» **PROBLEM DESCRIPTION**: From the data below, repeat everything exactly except the images.

--- PROVIDED DATA Enclosed Below ---

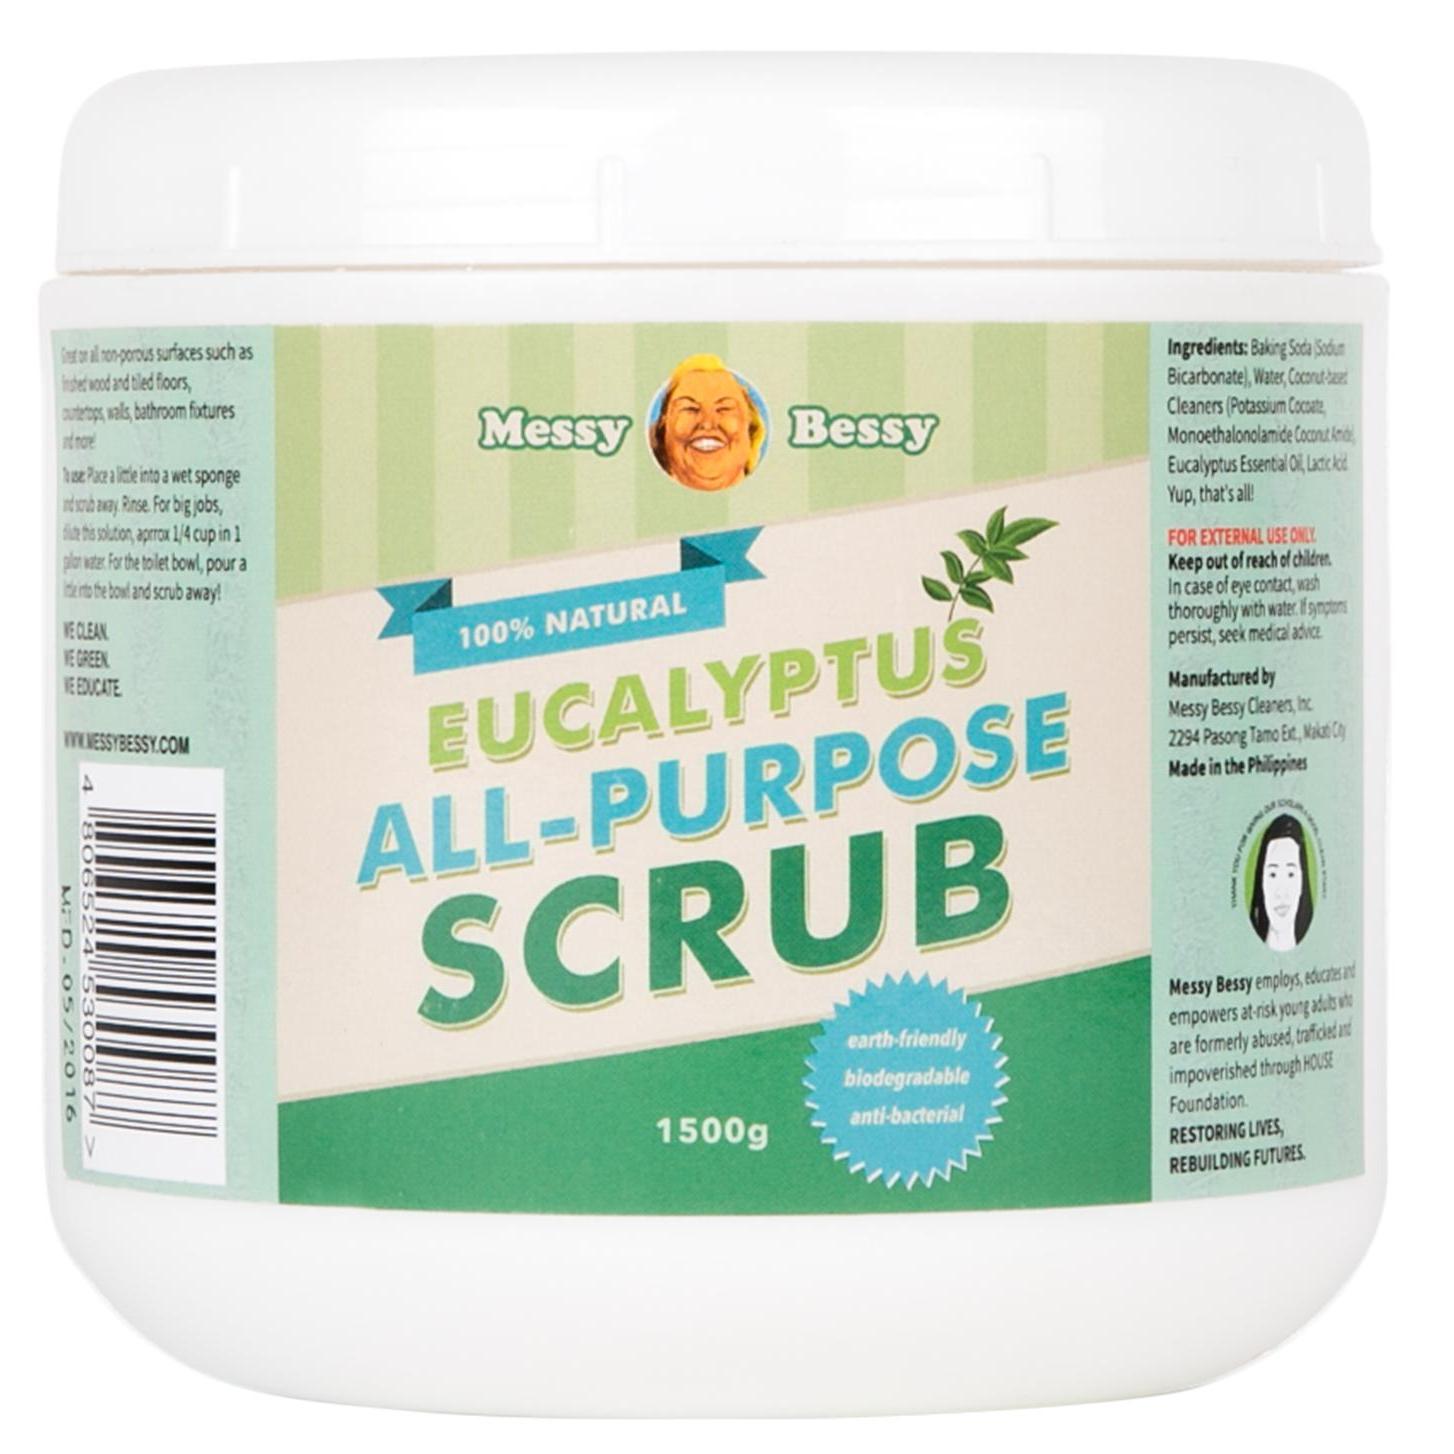 Messy Bessy Eucalyptus All Purpose Scrub 1500g
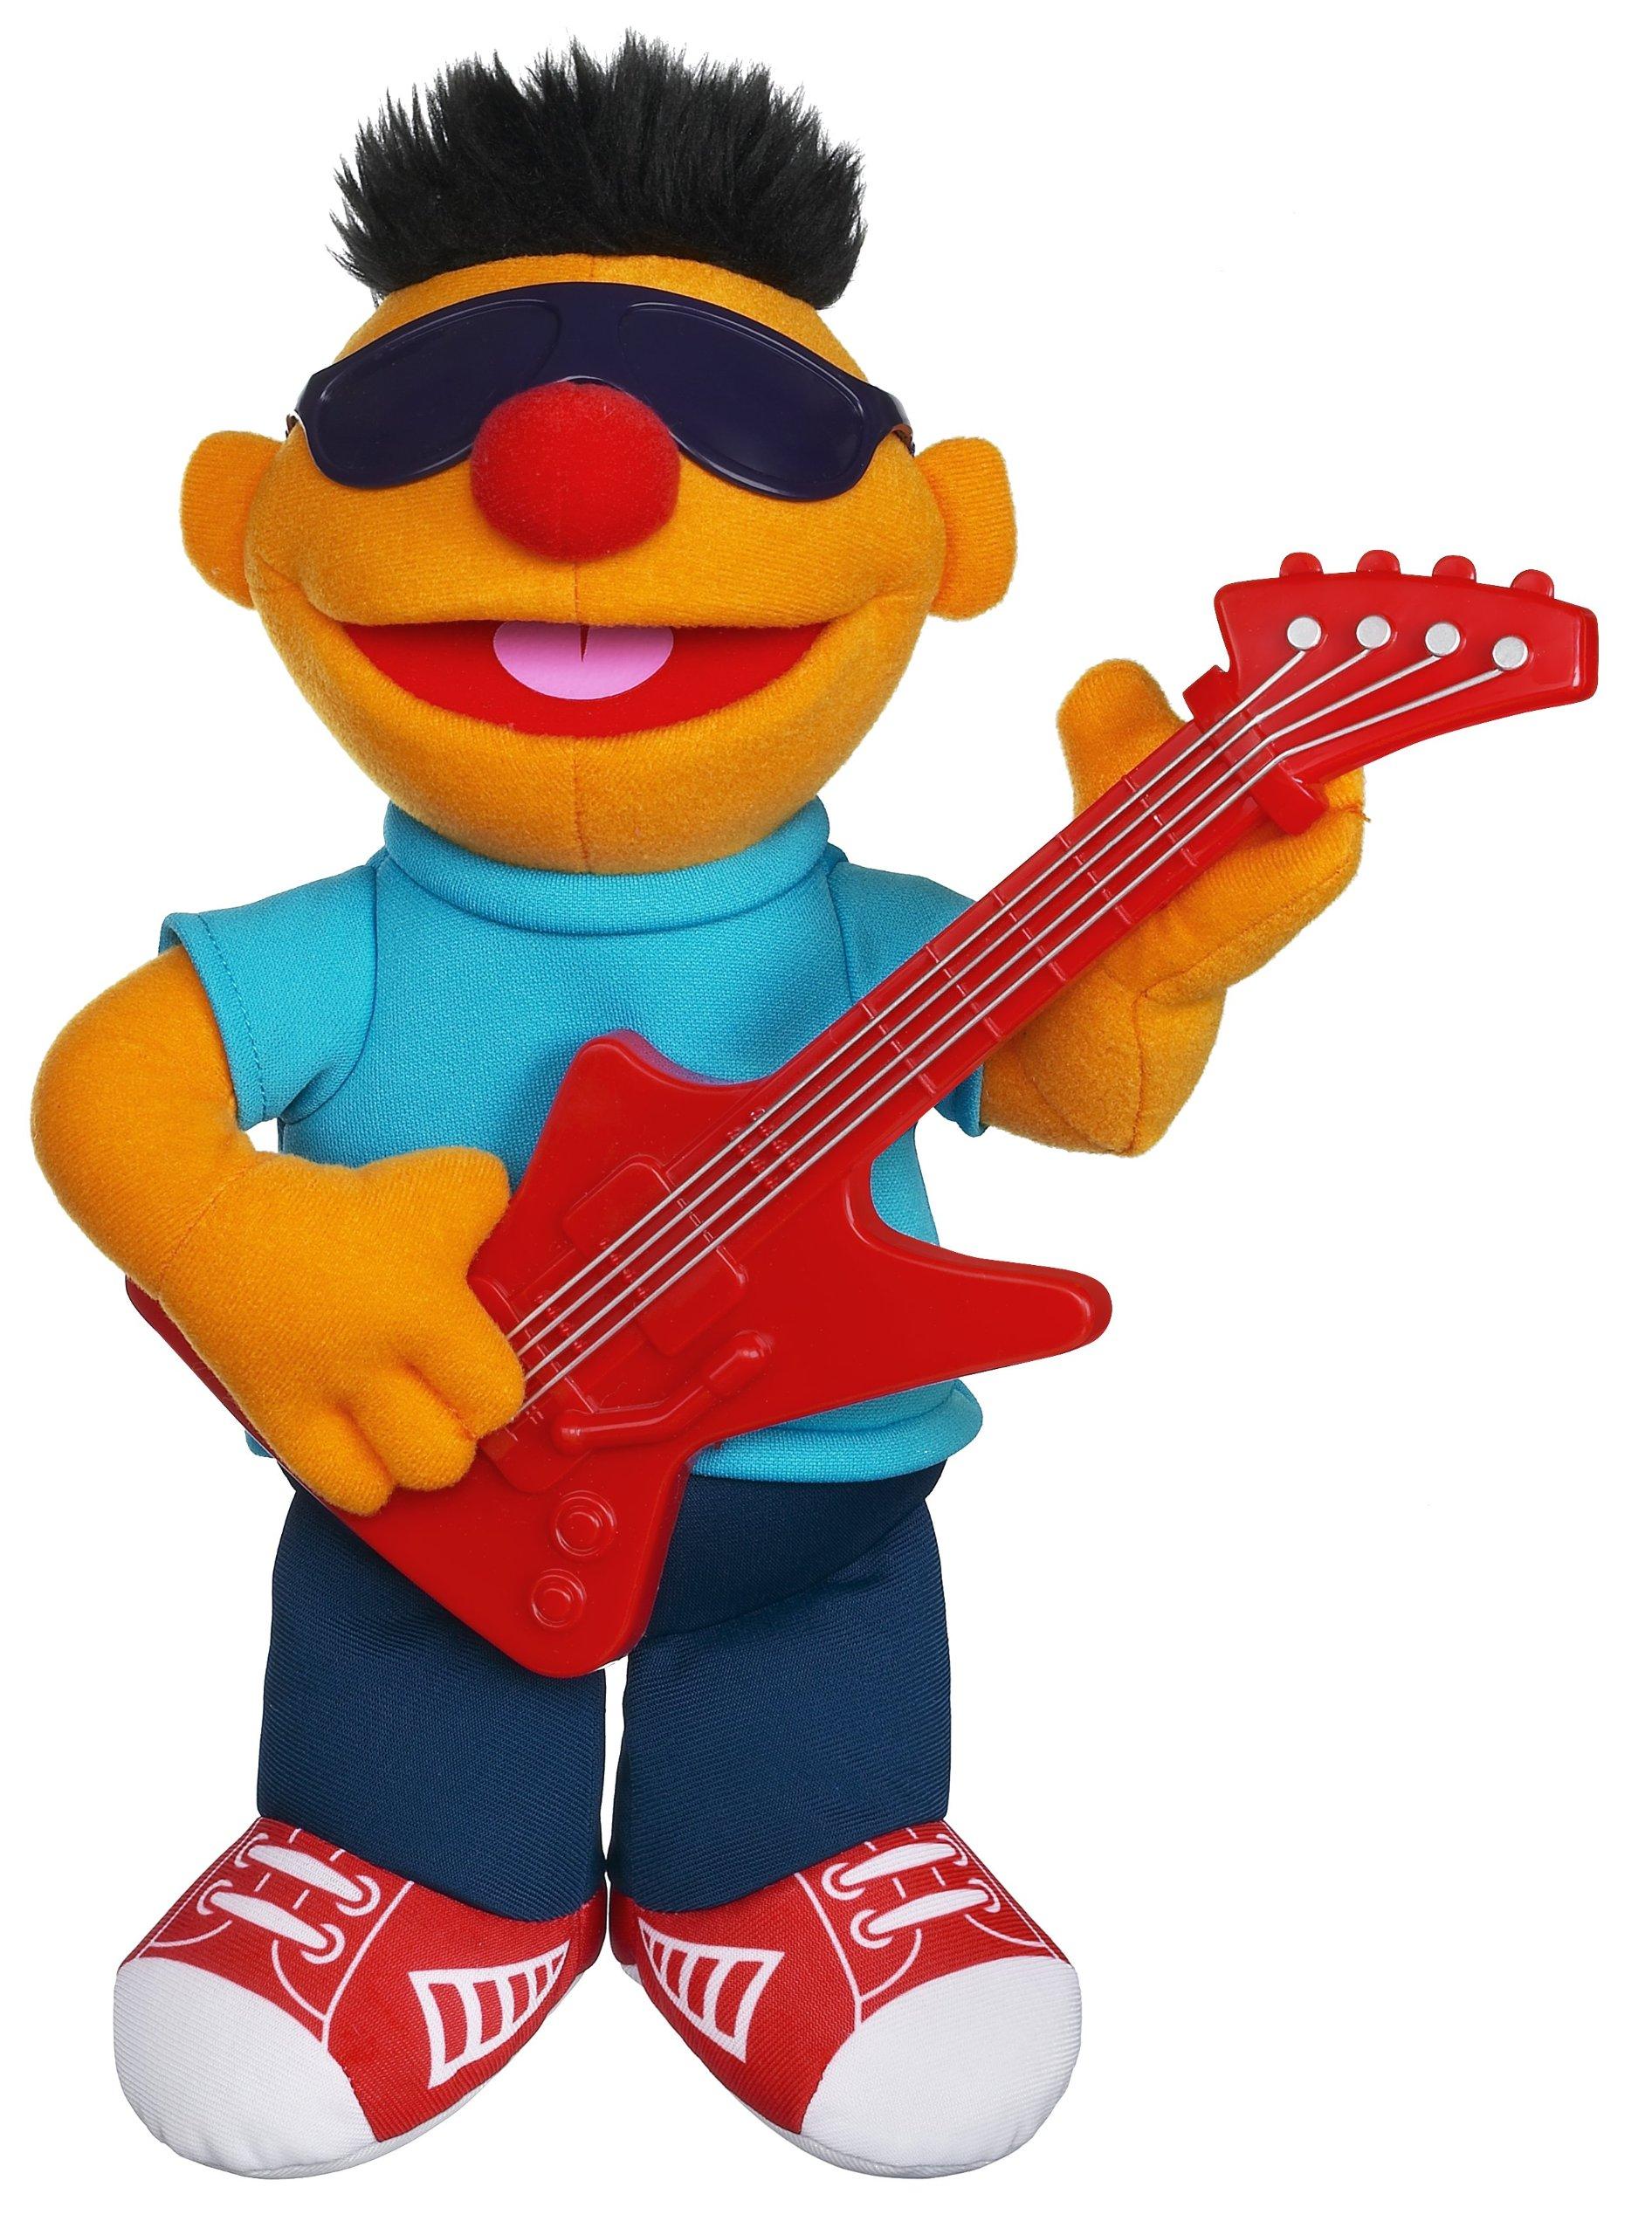 Barrio Sésamo Playskool Peluche de Epi (Toca la Guitarra): Amazon ...
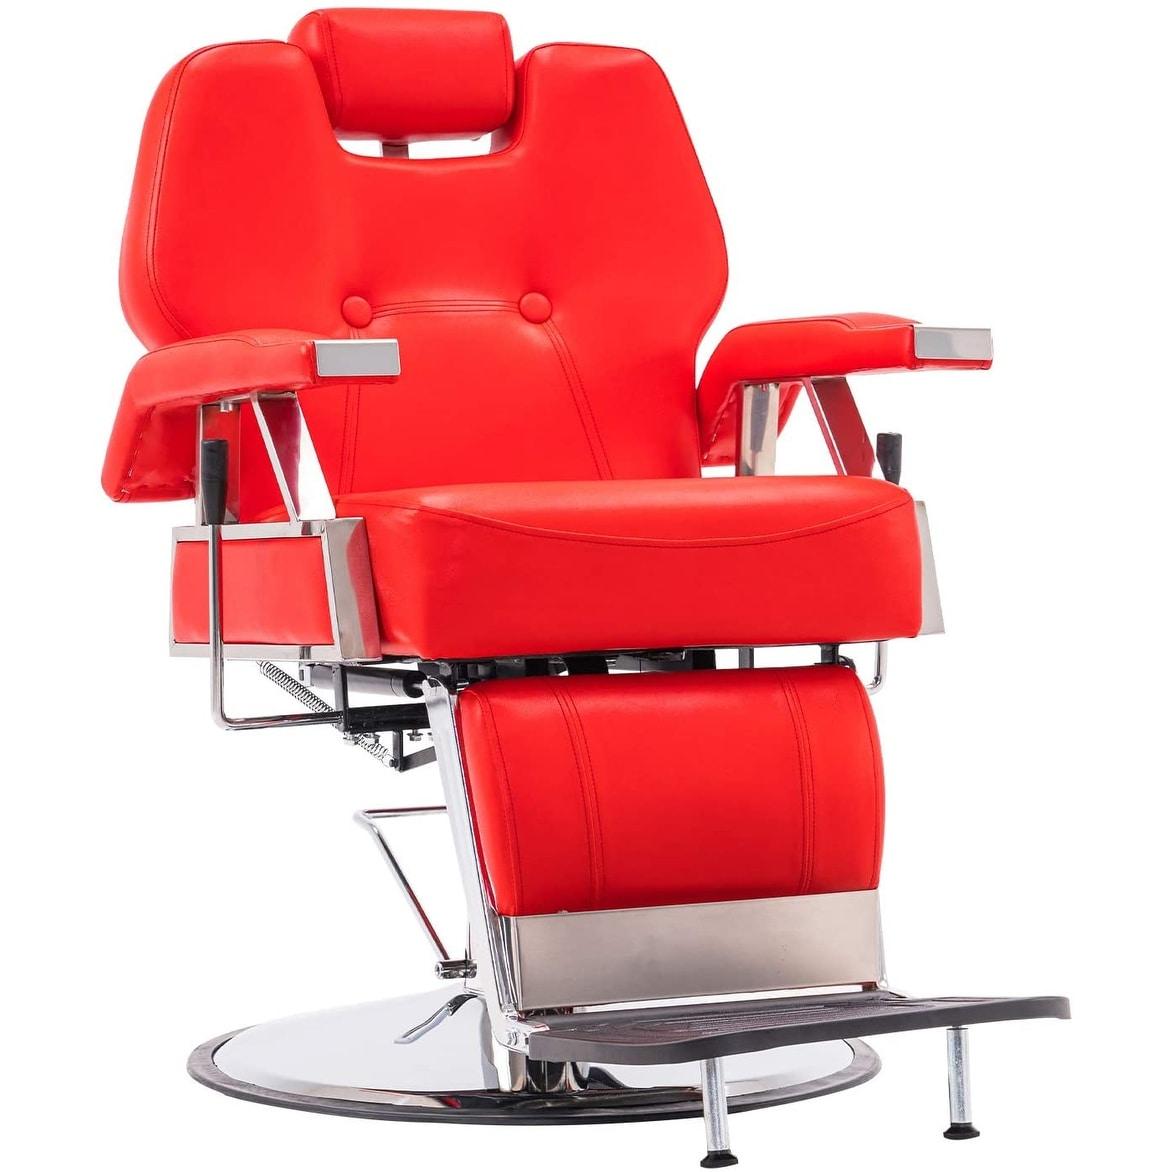 Thumbnail 9, BarberPub All Purpose Hydraulic Recline Barber Chair. Changes active main hero.

--- End of Enclosed PROVIDED DATA ---

» **EXERCISE OUTPUT**:
 Messy Bessy Eucalyptus All Purpose Scrub 1500g
 Barrio Sésamo Playskool Peluche de Epi (Toca la Guitarra): Amazon ...
 Thumbnail 9, BarberPub All Purpose Hydraulic Recline Barber Chair. Changes active main hero.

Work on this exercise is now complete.